= PROBLEM STATEMENT =
Repeat every line of the data exactly; no picture belongs in the copy.

*** THE DATA ***

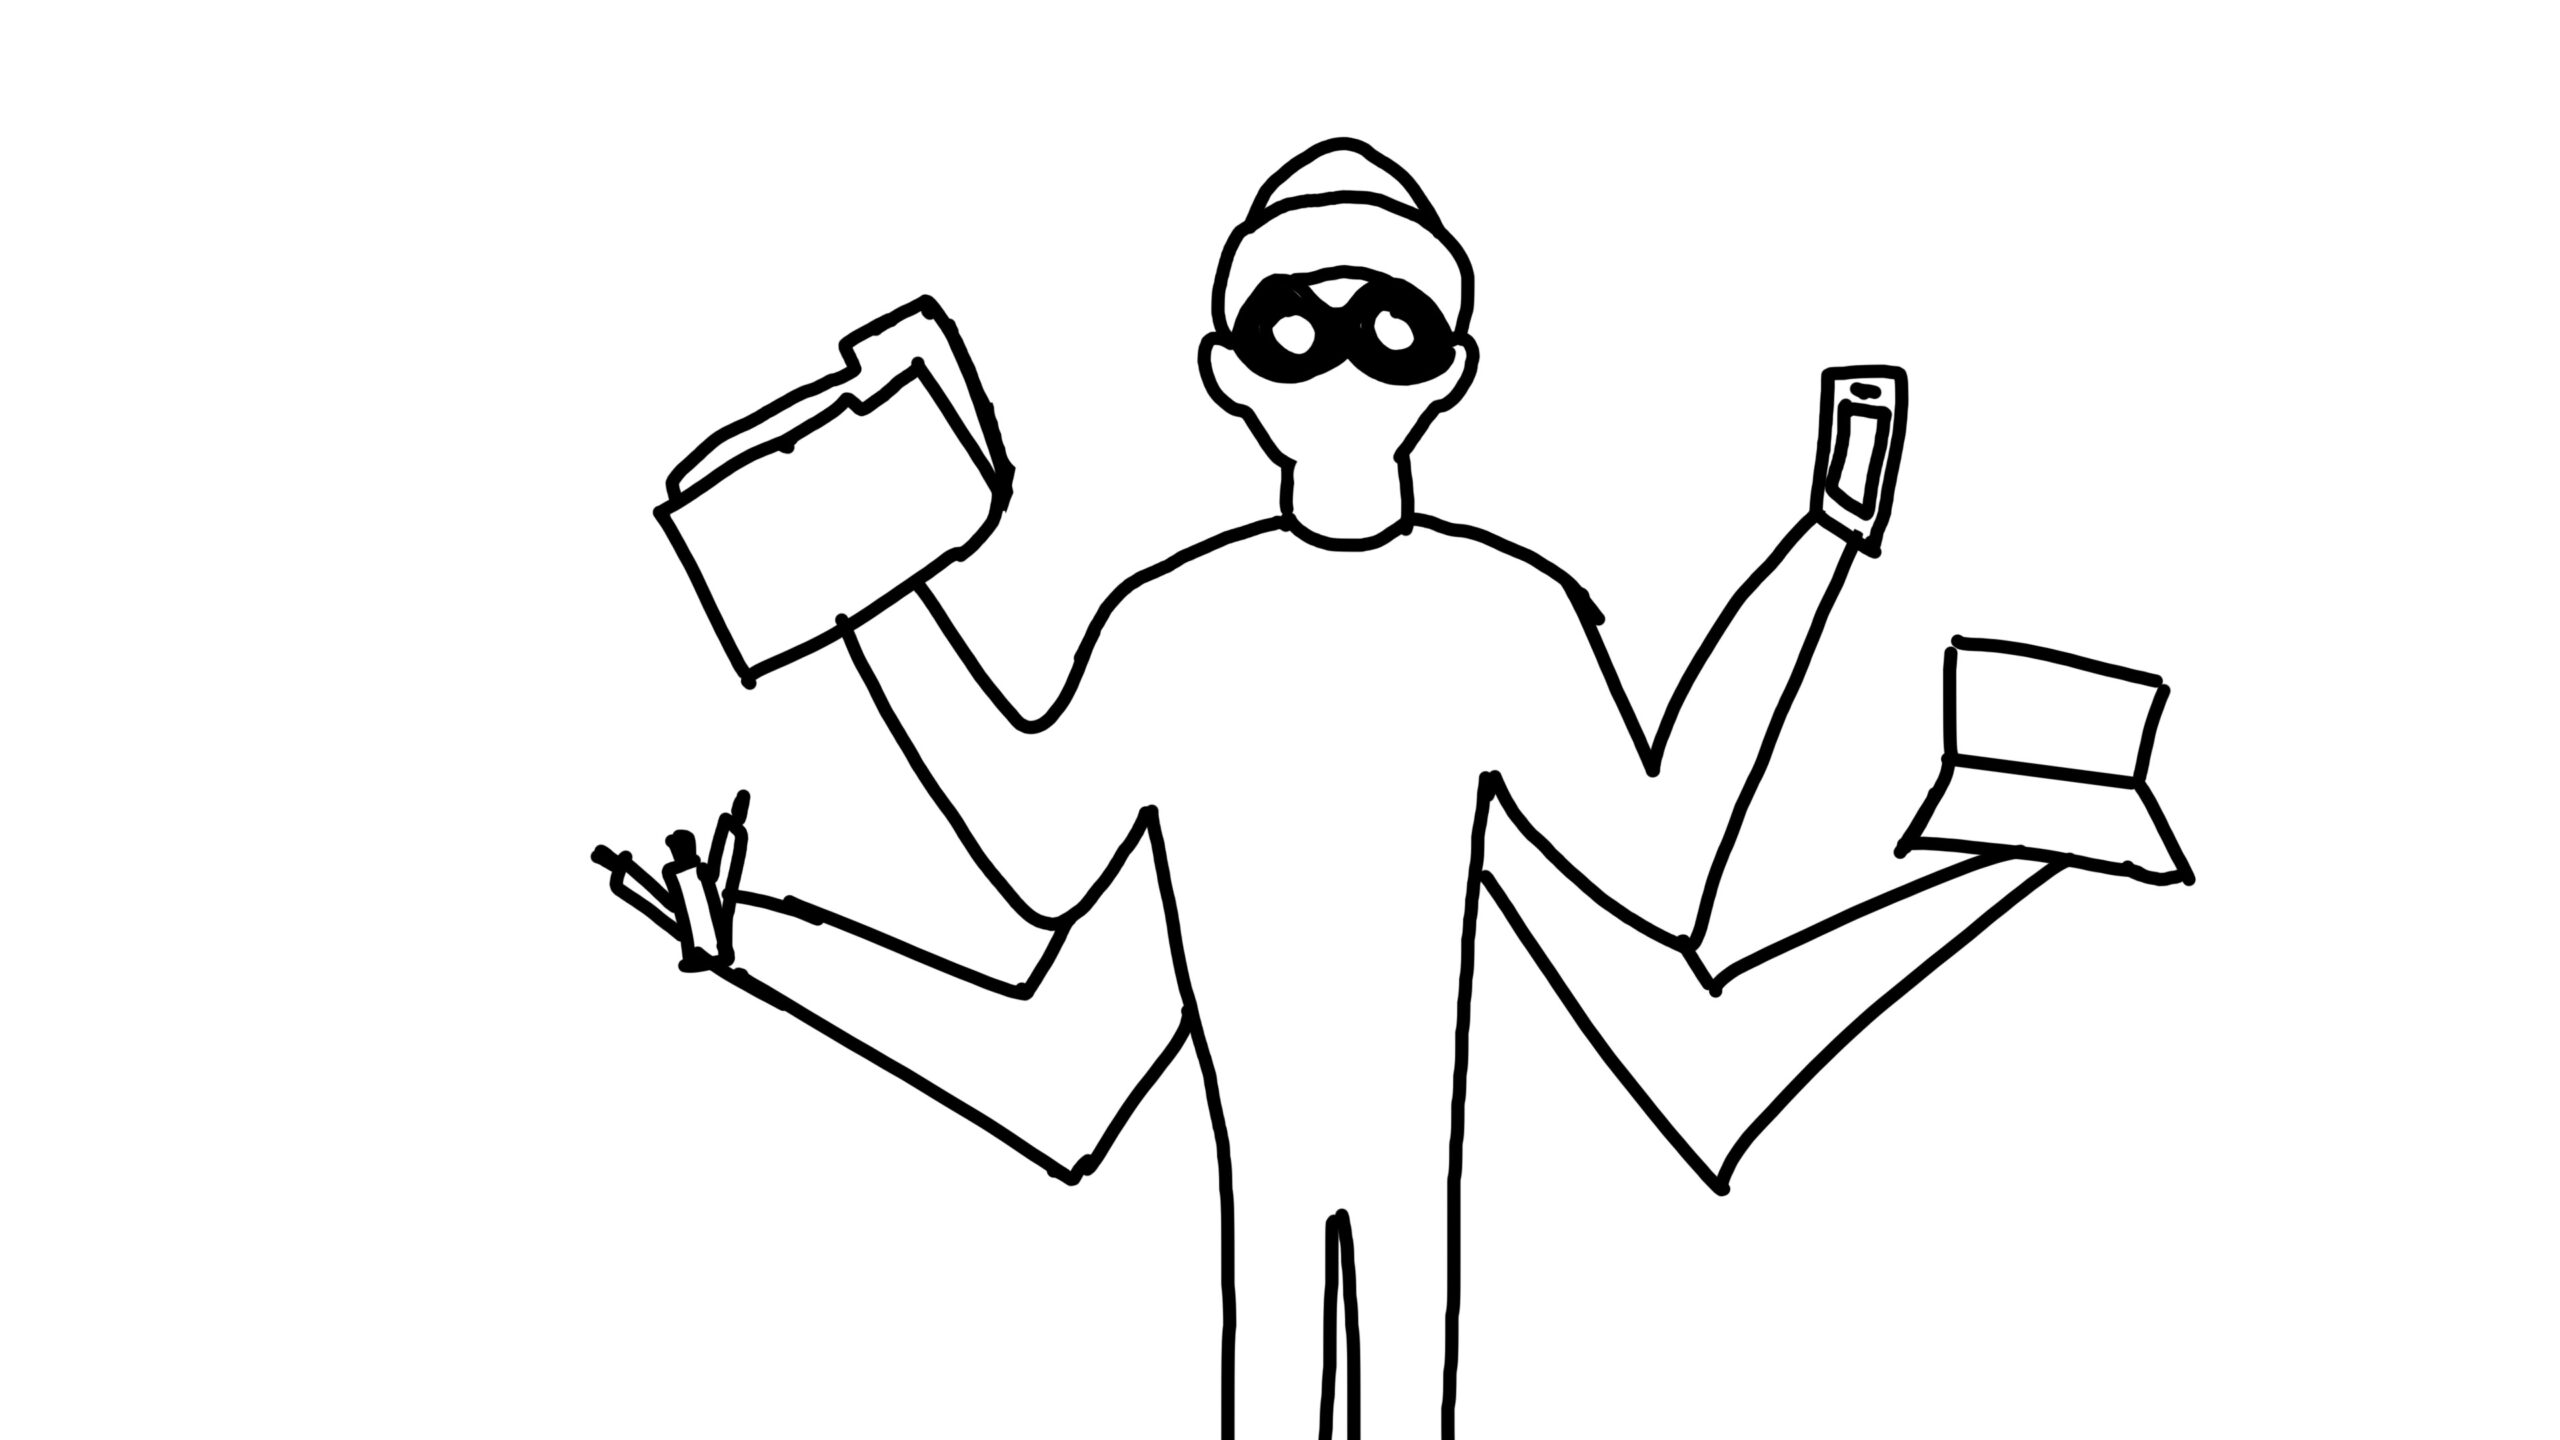 Privacy_Incident_Sketchboard_0308
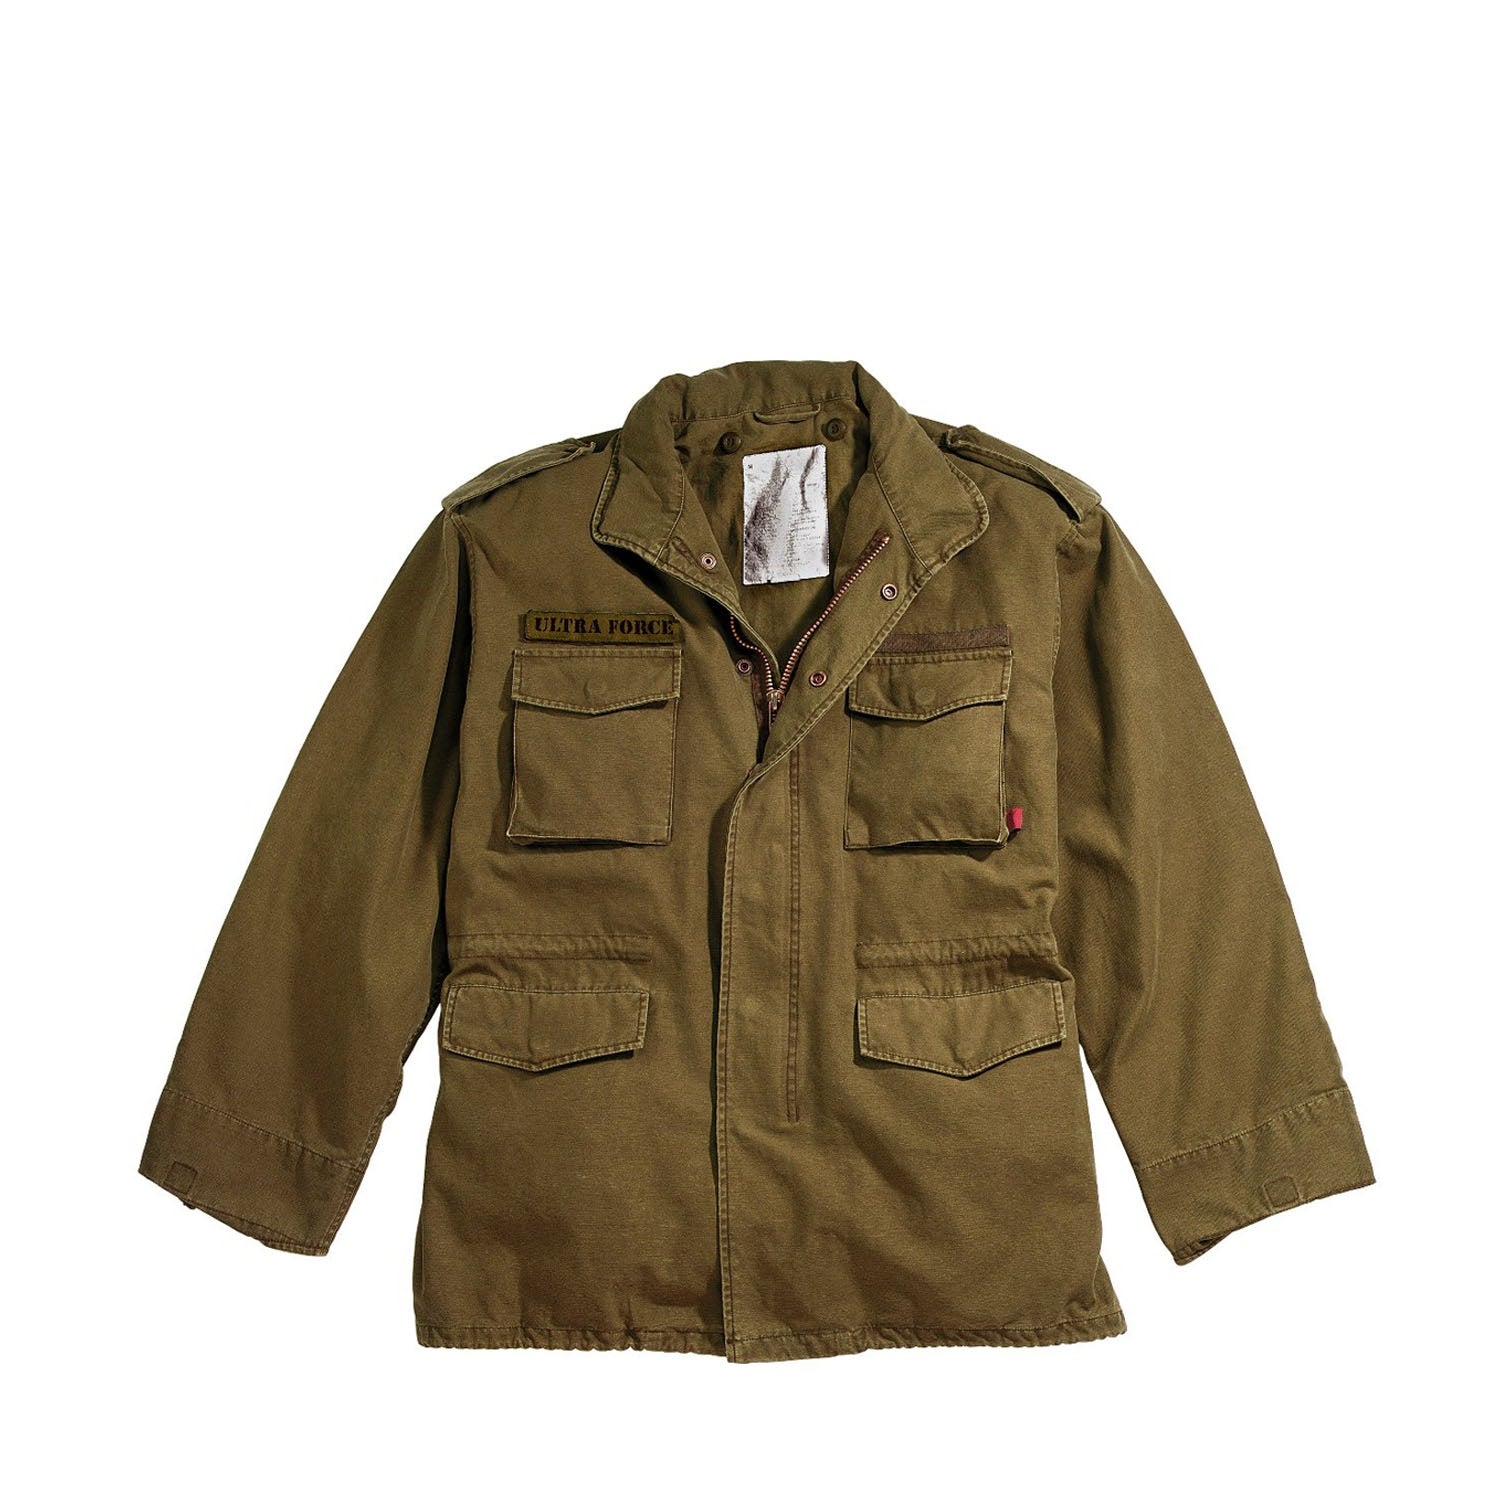 Rothco Vintage M-65 Field Jacket
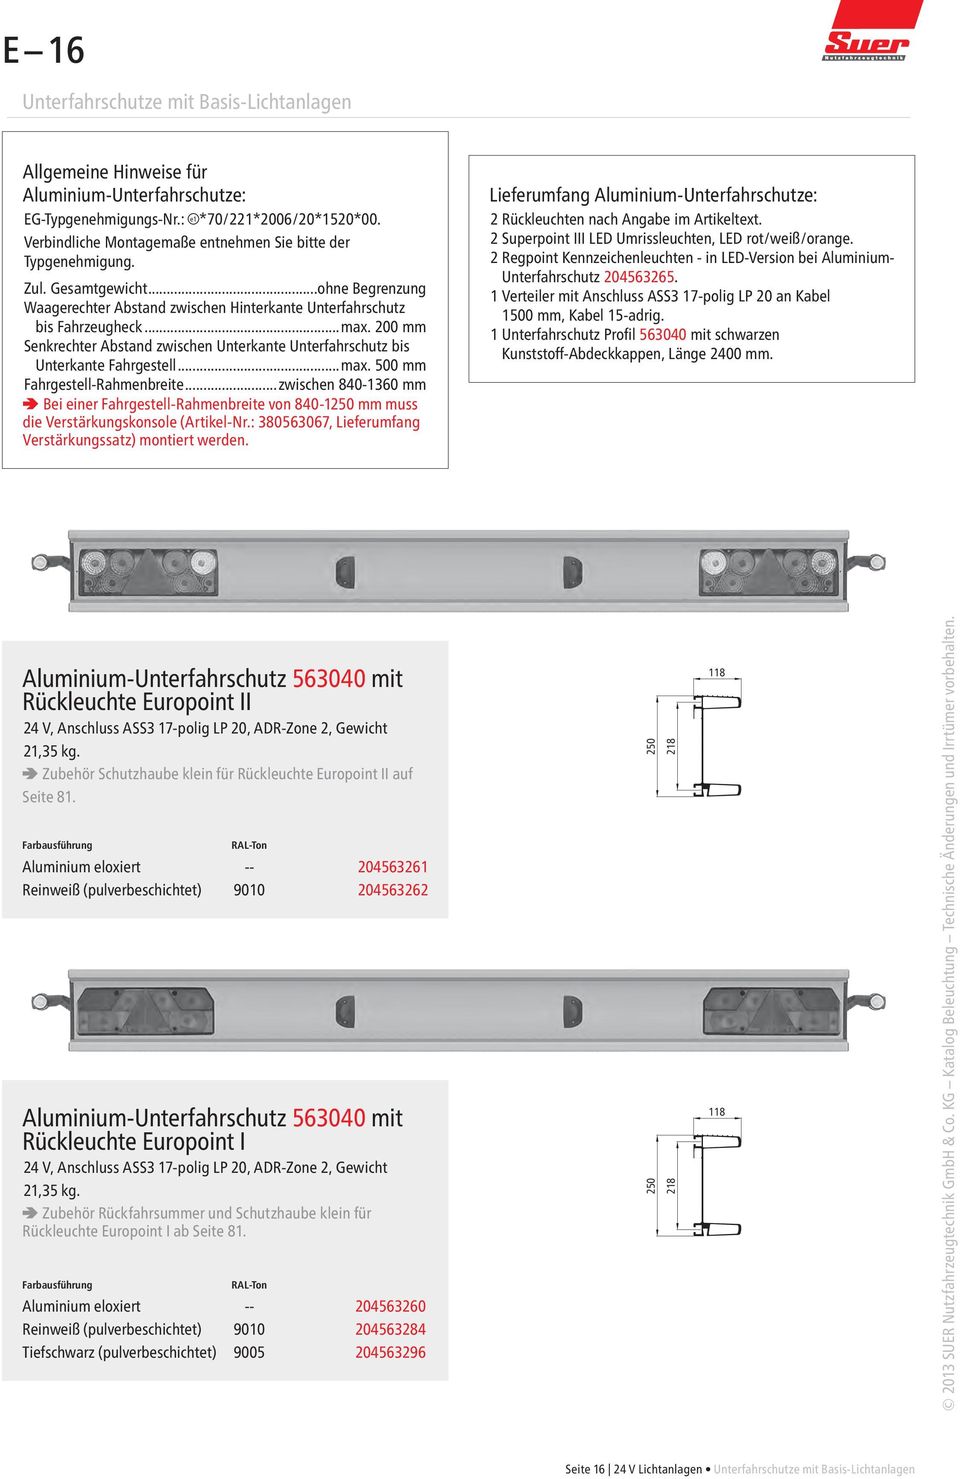 200 mm Senkrechter Abstand zwischen Unterkante Unterfahrschutz bis Unterkante Fahrgestell...max. 500 mm Fahrgestell-Rahmenbreite.

*** End of THE DATA ***

= ANSWER BELOW =
 Privacy_Incident_Sketchboard_0308
 Rothco Vintage M-65 Field Jacket
 200 mm Senkrechter Abstand zwischen Unterkante Unterfahrschutz bis Unterkante Fahrgestell...max. 500 mm Fahrgestell-Rahmenbreite.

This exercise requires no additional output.